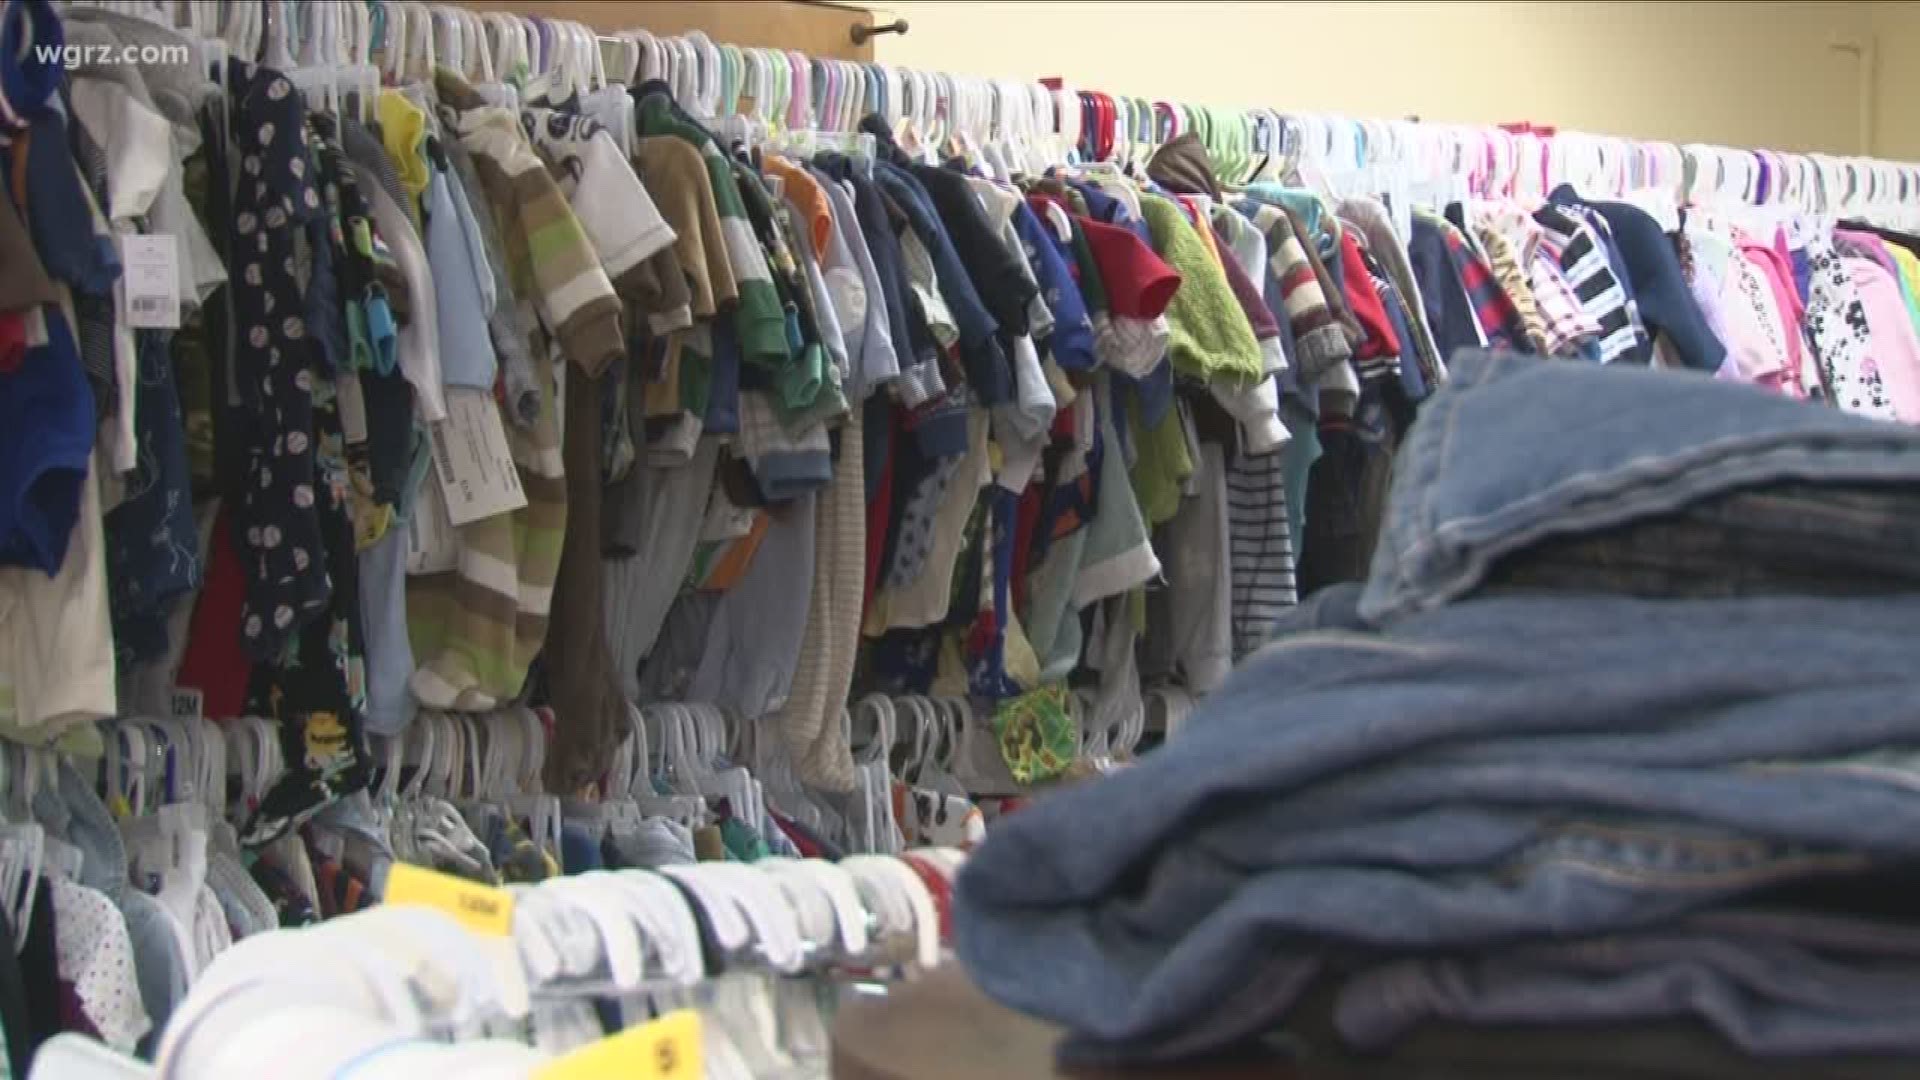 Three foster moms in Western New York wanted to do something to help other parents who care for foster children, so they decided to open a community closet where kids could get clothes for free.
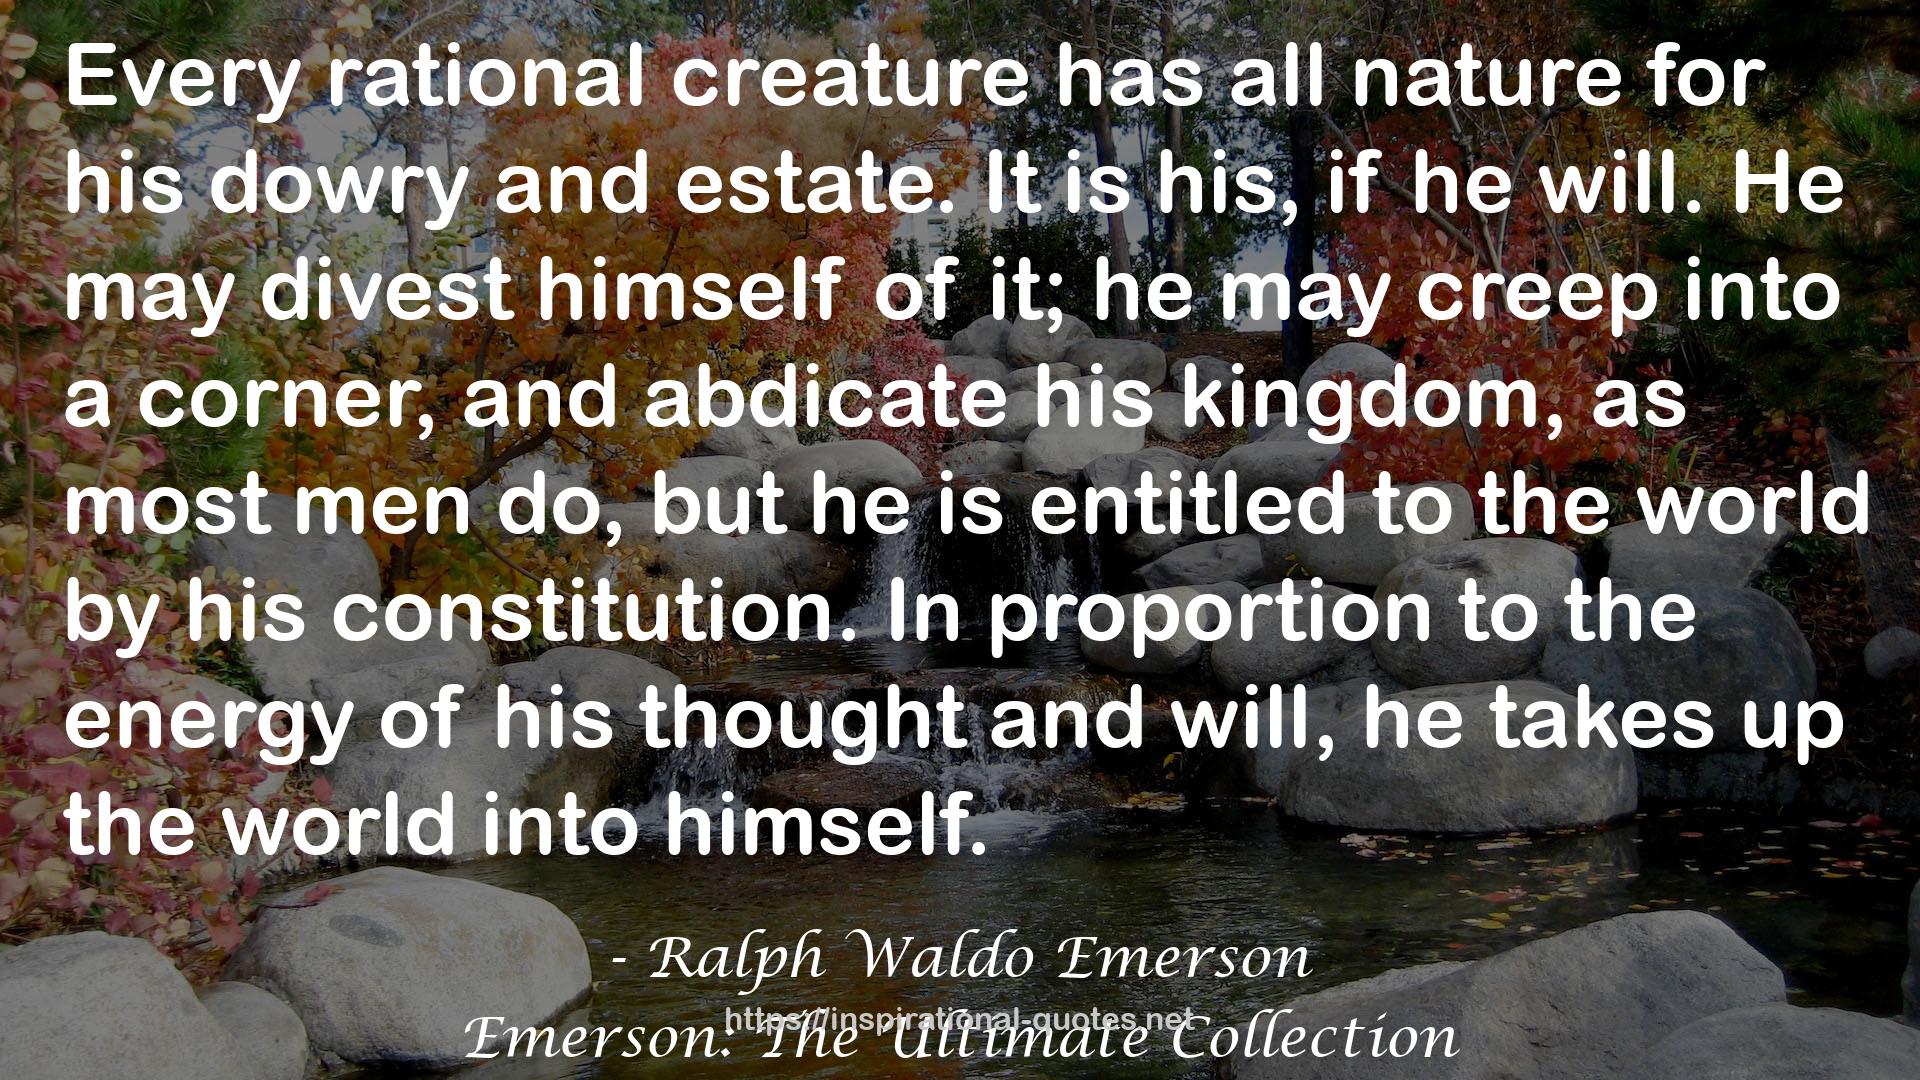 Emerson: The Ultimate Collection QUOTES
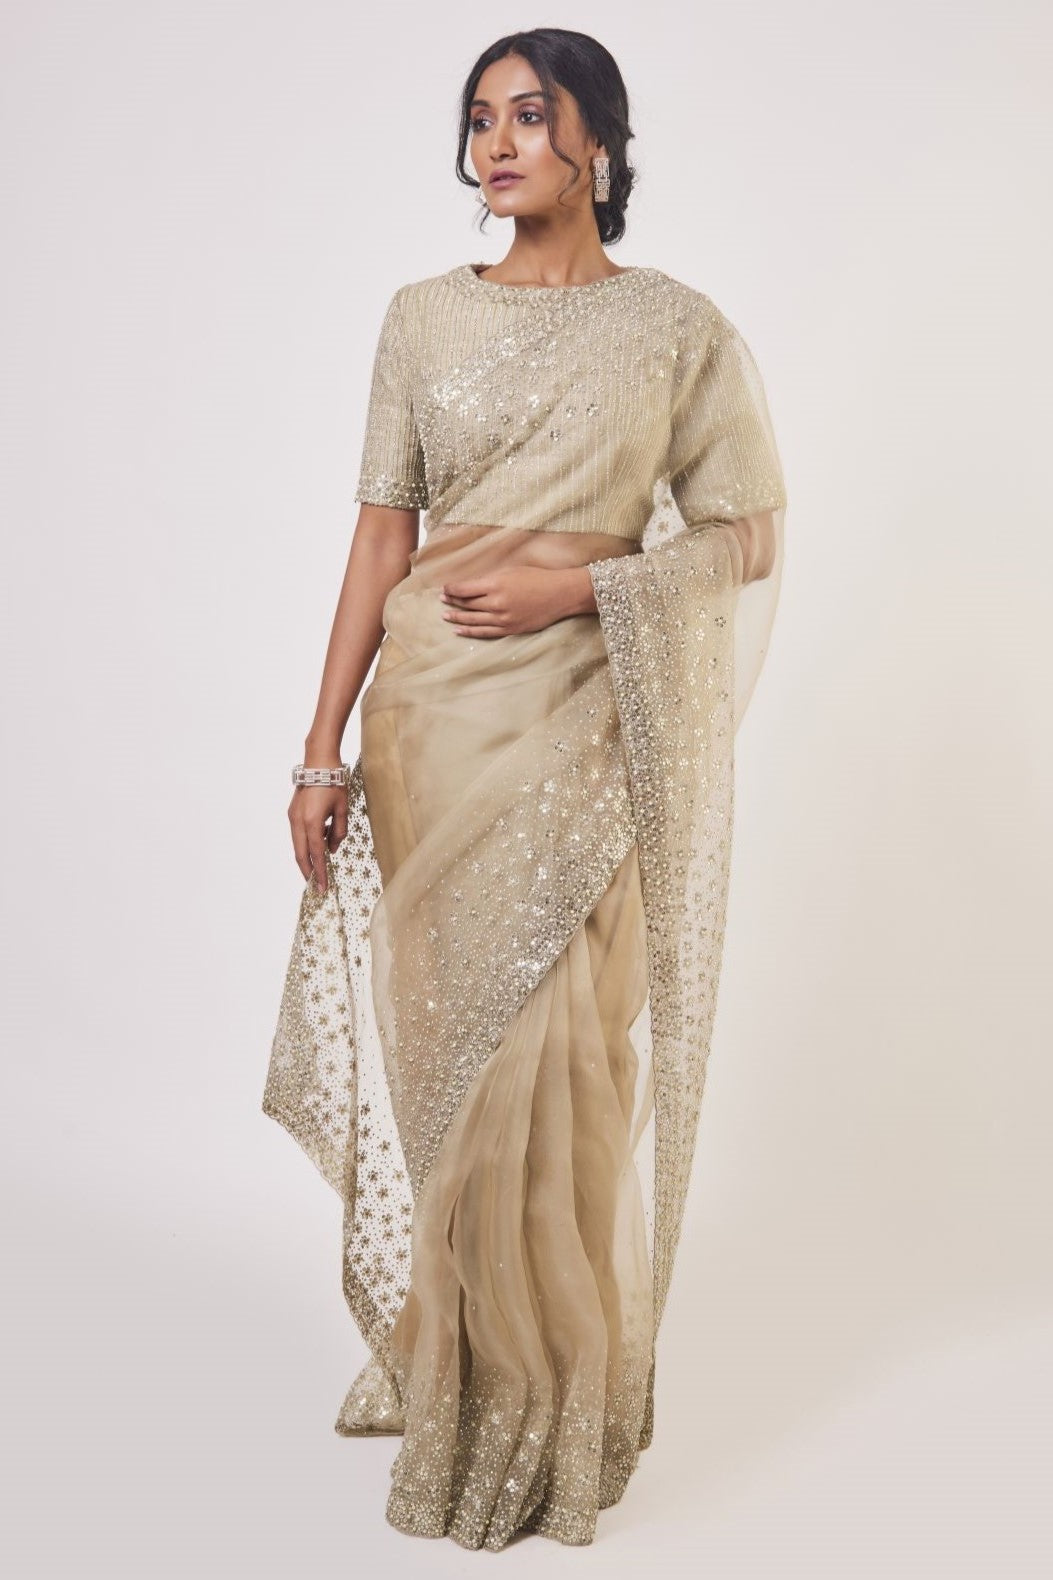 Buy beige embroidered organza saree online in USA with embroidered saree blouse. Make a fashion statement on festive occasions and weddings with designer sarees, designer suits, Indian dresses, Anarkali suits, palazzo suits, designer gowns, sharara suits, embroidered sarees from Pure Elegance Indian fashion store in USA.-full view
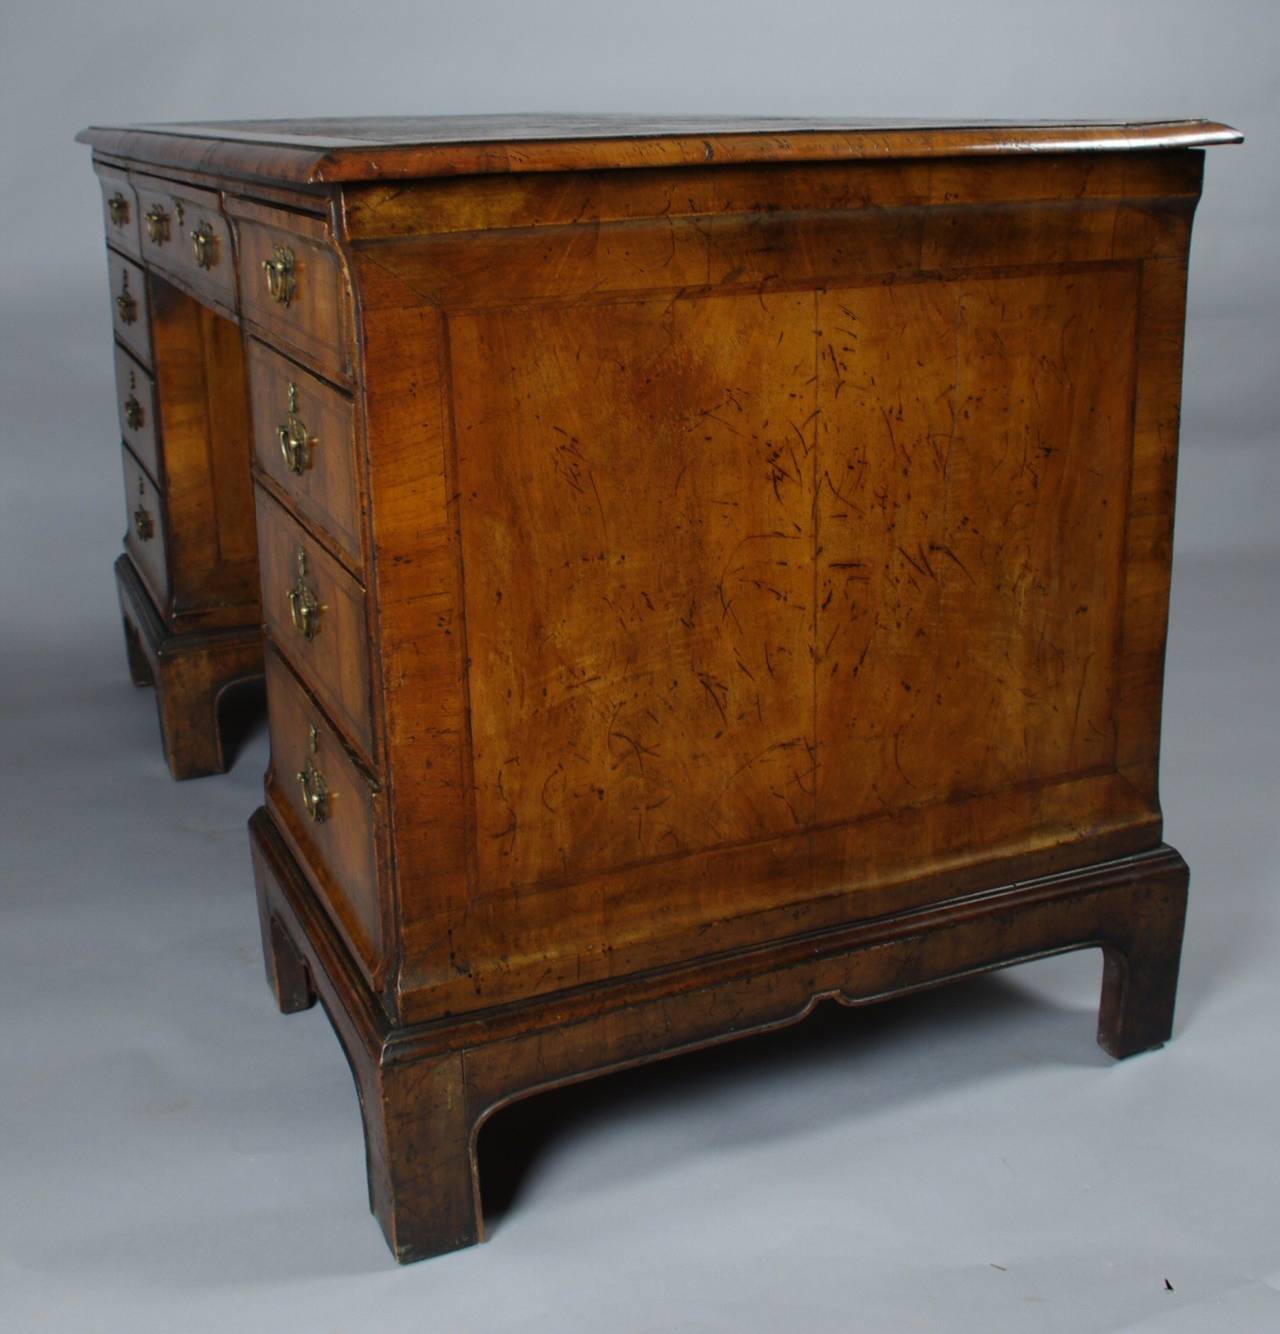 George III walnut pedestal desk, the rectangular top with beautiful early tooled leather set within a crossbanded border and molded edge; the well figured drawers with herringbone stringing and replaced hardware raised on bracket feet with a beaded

§ PROBLEM DETAILS
Your output should be the lines from the one with "Buy beige embroidered" through the end of the listing, copied exactly and with the pictures left out.

§ EXERCISE OUTPUT
 Buy beige embroidered organza saree online in USA with embroidered saree blouse. Make a fashion statement on festive occasions and weddings with designer sarees, designer suits, Indian dresses, Anarkali suits, palazzo suits, designer gowns, sharara suits, embroidered sarees from Pure Elegance Indian fashion store in USA.-full view
 George III walnut pedestal desk, the rectangular top with beautiful early tooled leather set within a crossbanded border and molded edge; the well figured drawers with herringbone stringing and replaced hardware raised on bracket feet with a beaded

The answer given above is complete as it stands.